00:06:04.600 | represent this entire training data set efficiently.

00:06:07.240 | Because it's really all about efficiency.

00:06:09.400 | So for instance, the LLAMA tokenizer has 128,000 tokens, all right?

00:06:13.880 | And I'll talk a bit more about that.

00:06:15.160 | So here's what it actually kind of looks like on a GPU.

00:06:18.200 | So I tokenize, the LLAMA understands it.

00:06:20.680 | I go into this thing called pre-fill.

00:06:22.360 | Pre-fill is the stage where you compute the attention mechanism.

00:06:25.400 | And many people are doing advancements with attention mechanisms.

00:06:29.000 | I'll talk a bit more about that.

00:06:30.520 | So there are tons of different schemes.

00:06:32.360 | People leverage all of the different types of memory hierarchies in GPUs to really accelerate this type of workload.
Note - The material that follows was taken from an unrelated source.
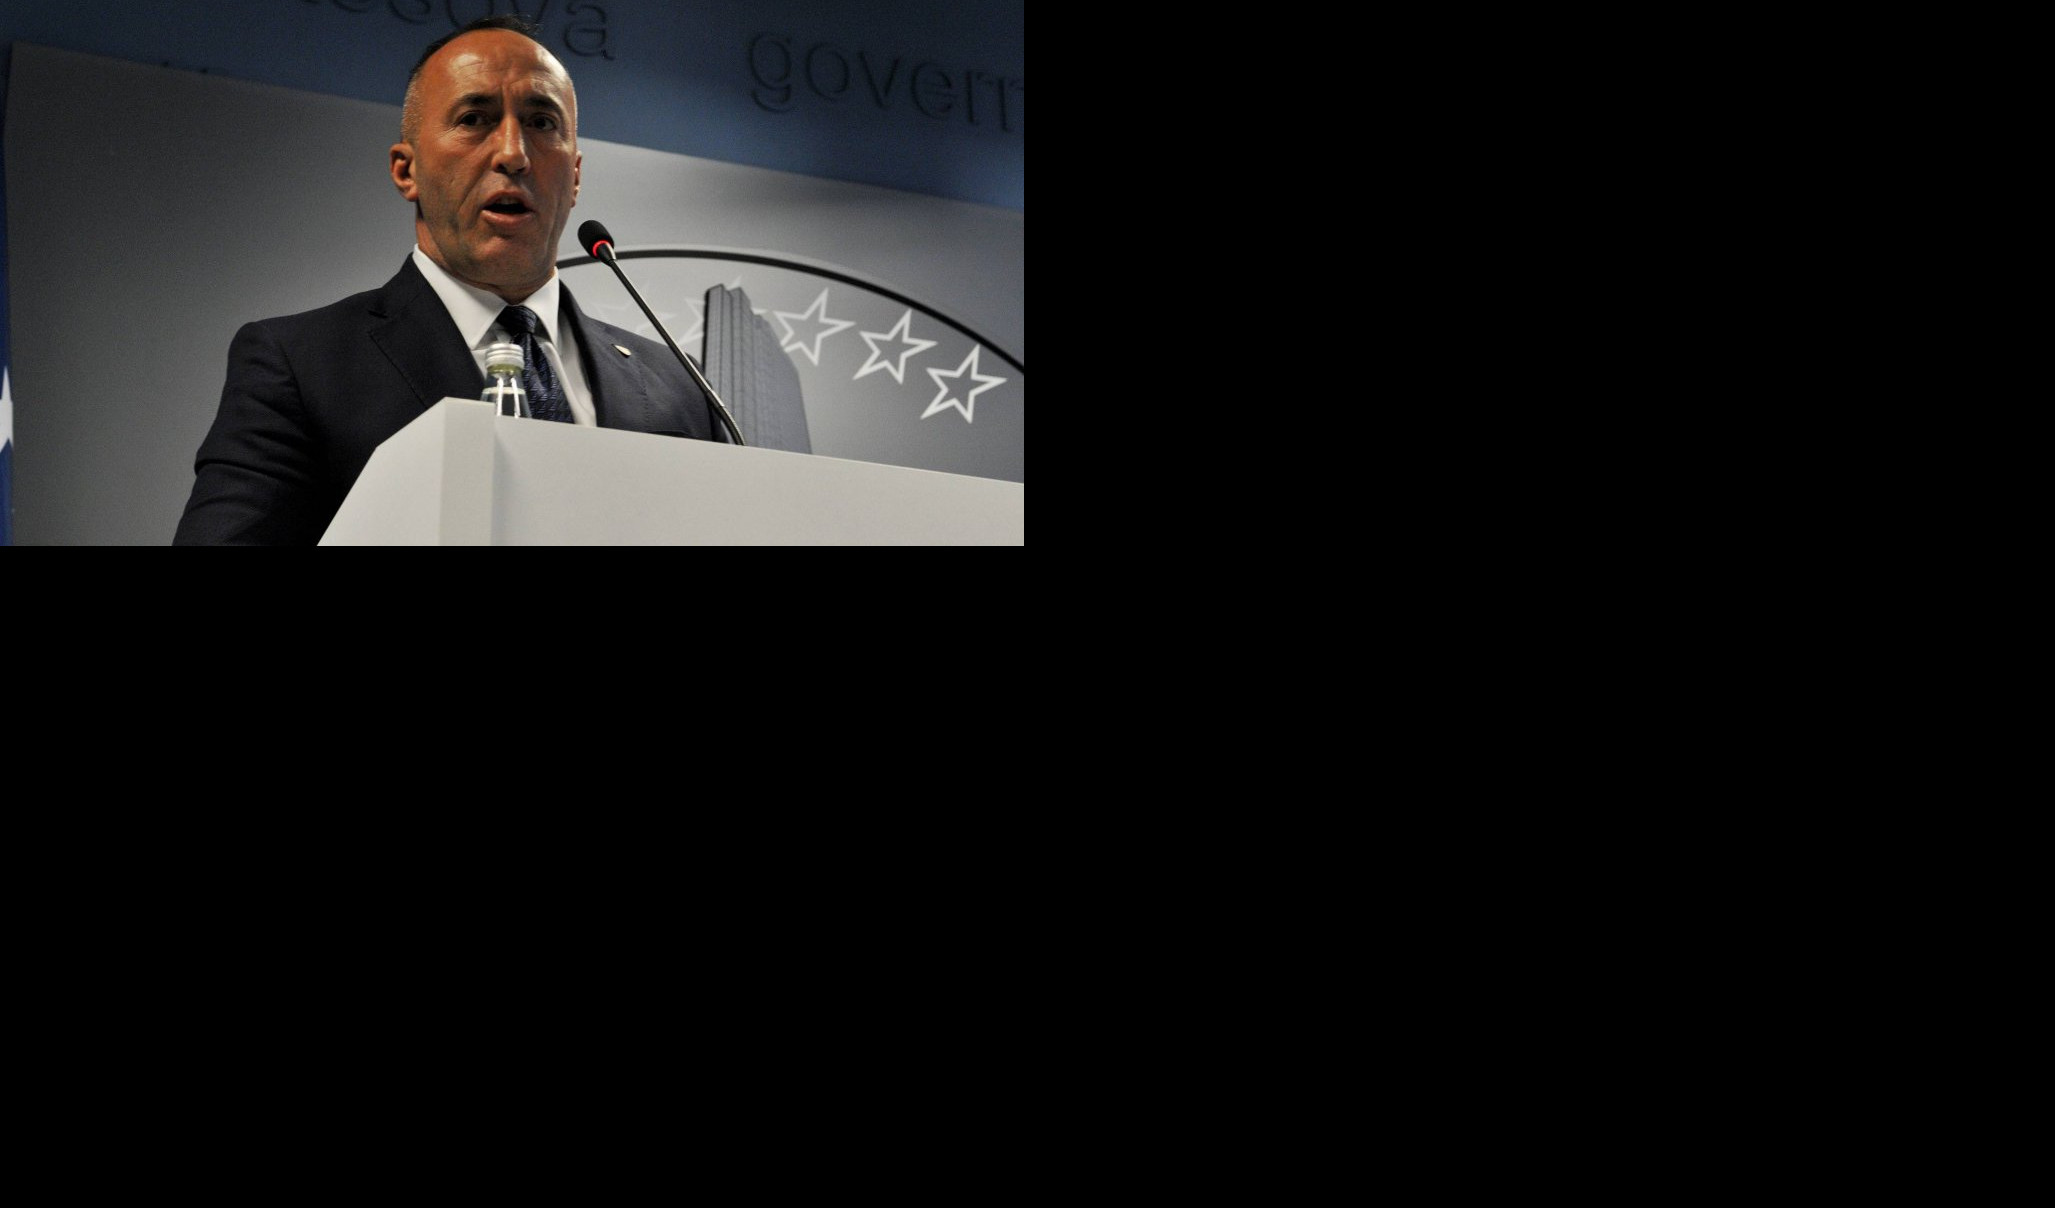 NEOČEKIVANI RASPLET U PRIŠTINI! Haradinaj "leti" iz Vlade lažne države sledeće nedelje?!

00:06:39.800 | And then I start generating tokens one at a time.

00:06:42.520 | The red and the green just signify, hey, I'm storing those tokens on the GPU.

00:06:46.760 | The green is the latest one that I sent out.

00:06:49.160 | So hopefully that makes sort of intuitive sense.

00:06:51.400 | All right.

00:06:52.680 | So the other thing I want you to visualize, I think it's nice to visualize what is the actual data that sits on the GPU.

00:07:01.720 | So first, a token is approximately four characters.

00:07:04.840 | That's a nice way for you to think about it.

00:07:07.160 | So from here, I have two vectors.

00:07:10.680 | So the first vector is just showing token one through token V.

00:07:14.200 | V is the total number of tokens that I have in my tokenizer.

00:07:16.920 | And the second vector below is just I have some numeric index.

00:07:21.640 | I don't want to keep using the token to reference itself.

00:07:24.520 | I just use the number as a lookup.

00:07:26.760 | So my job when a prompt comes in is to convert that text into those token, what I'm going to call token IDs.

00:07:35.400 | So I have make me sound smart and make me sound smarter.

00:07:38.520 | You see two vector sets of tokens.

00:07:40.680 | And the key thing I want you to walk away from that distinction is that an LLM token is not a human word.

00:07:48.040 | Sometimes it is.

00:07:48.920 | Sometimes it's not.

00:07:49.720 | It's typically some sub-party words.

00:07:51.720 | You'll see weird symbols when you look at tokenizers from different models.

00:07:55.960 | But you want that first framing.

00:07:57.320 | So now we have text.

00:07:58.440 | We hit to a vector.

00:07:59.400 | So from there, each one of those LLM tokens had a corresponding embedding vector.

00:08:06.920 | So embedding vector is everything.

00:08:08.280 | We embed videos.

00:08:09.960 | We embed images.

00:08:11.000 | We embed text tokens.

00:08:13.000 | Think of it as a representation that an LLM can use to compare things and do math on.

00:08:19.160 | So that's why we always want to convert into some vector representation.

00:08:23.960 | Because some vector representation is just some high dimensional coordinate space.

00:08:28.120 | And we're just rearranging objects.

00:08:30.280 | That's to some degree what you're doing.

00:08:31.720 | Okay.

00:08:33.160 | So from those token IDs, I went to the actual embedding vectors themselves.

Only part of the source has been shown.